In an unprecedented display of competence, compassion and quiet revolution, a network of “Your Local Pantry” services across Kirkholt, Smallbridge and Freehold has been helping locals survive the terrifying ordeal of modern Britain, namely, grocery shopping.
Every Thursday, the community pantries fling open their doors and allow residents to pay £4 for a food parcel worth £20, essentially robbing Tesco blind with the full blessing of society. It’s socialism in a plastic carrier bag, and it’s catching on.
RBH, the housing association behind the scheme, insists the pantries are “about more than food”, which is reassuring, given Britain is now about more than functioning as a country.

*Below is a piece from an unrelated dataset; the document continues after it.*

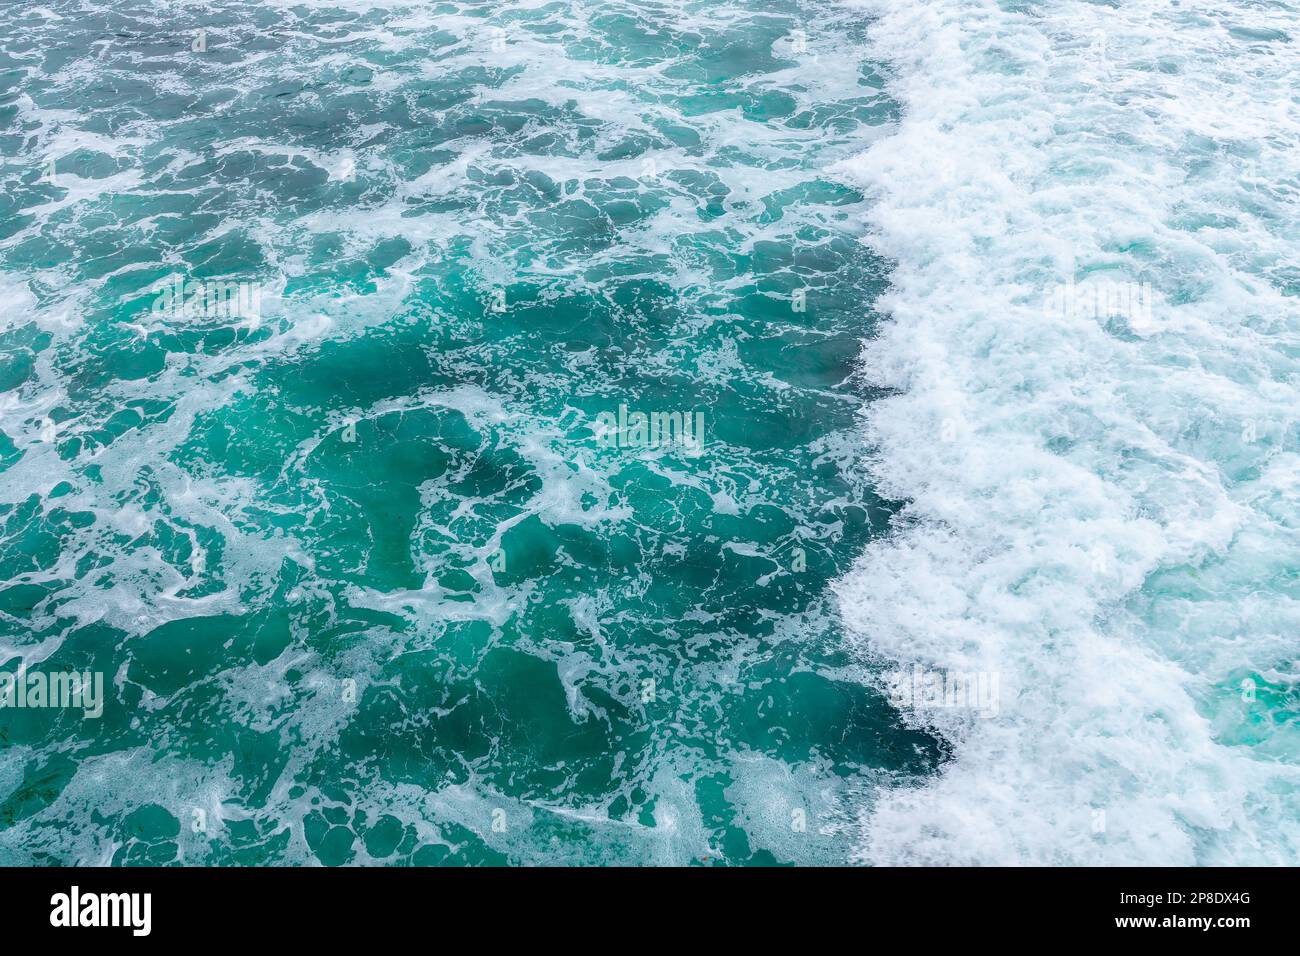 Draufsicht einer aufprallenden Welle. Blaues, klares Wasser, Meereshintergrund. Stockfoto

Over the past year, the project claims to have saved residents £128,000 on shopping bills, £21,266 on energy costs, and at least £12,000 in nutritional regret by serving actual hot meals cooked by catering students who’ve yet to be crushed by life.

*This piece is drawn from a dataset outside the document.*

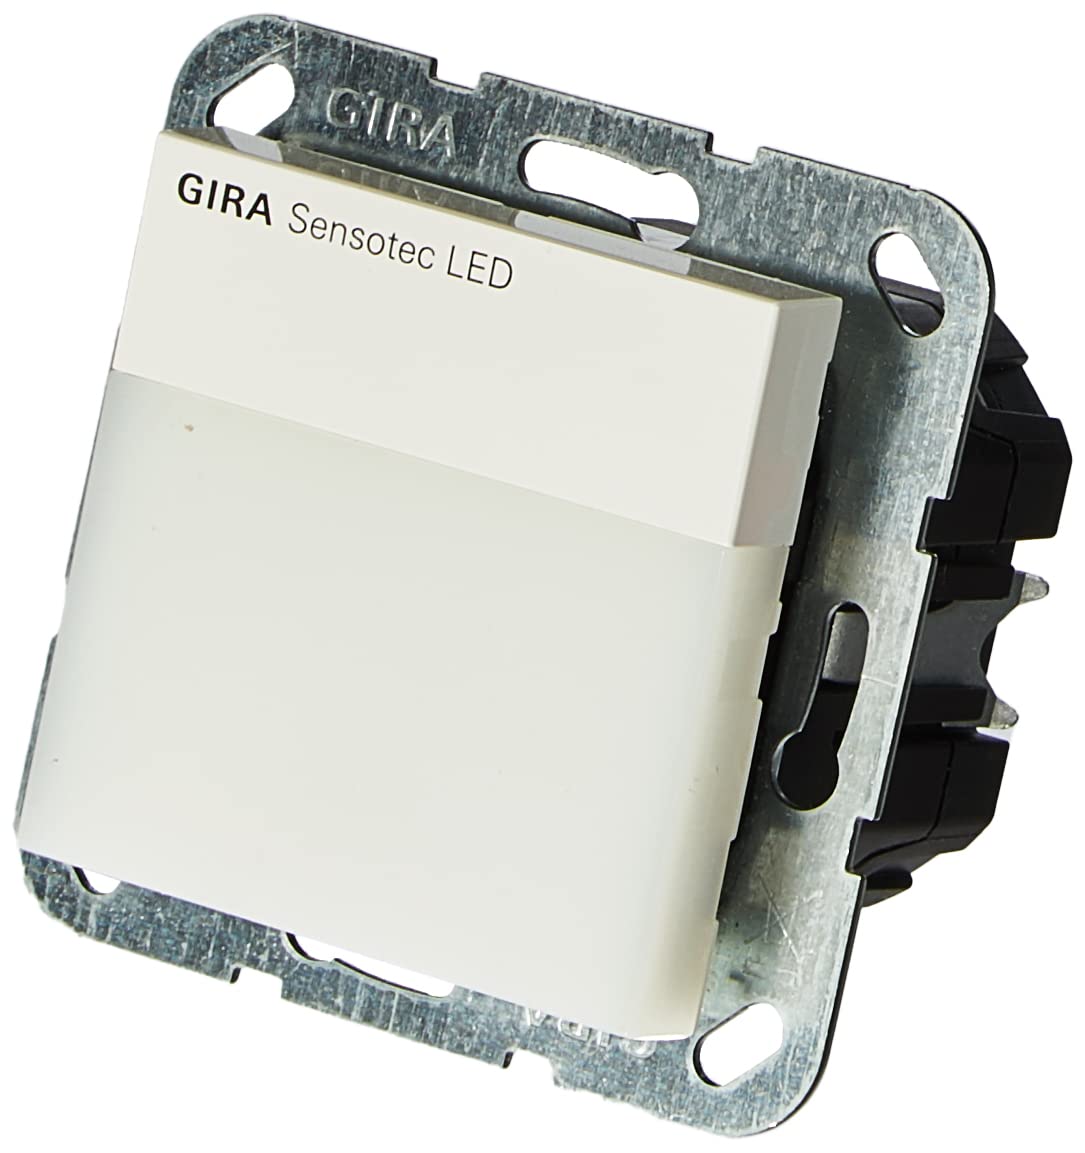 Gira 2237803 Sensotec LED UP-Bewegungsmelder ST55 rw-glänzend, ohne Fernbedienung, Weiß

“This is about community,” said Amanda Newton, RBH’s Chief Executive and part-time social architect. “One woman hadn’t left her house in months. Now she’s coming for a chat and a biscuit. We call it mental health support. The NHS calls it ‘how dare you.’”
With 200 members and over 2,300 hours of volunteer time logged this year, the scheme is singlehandedly holding back the tide of despair, loneliness, and Super Noodle dependency engulfing the north.
Local businesses have also been roped in, presumably under threat of receiving another business rates bill, to donate food, toiletries, and the occasional anonymous tin of artichoke hearts no one really knows what to do with.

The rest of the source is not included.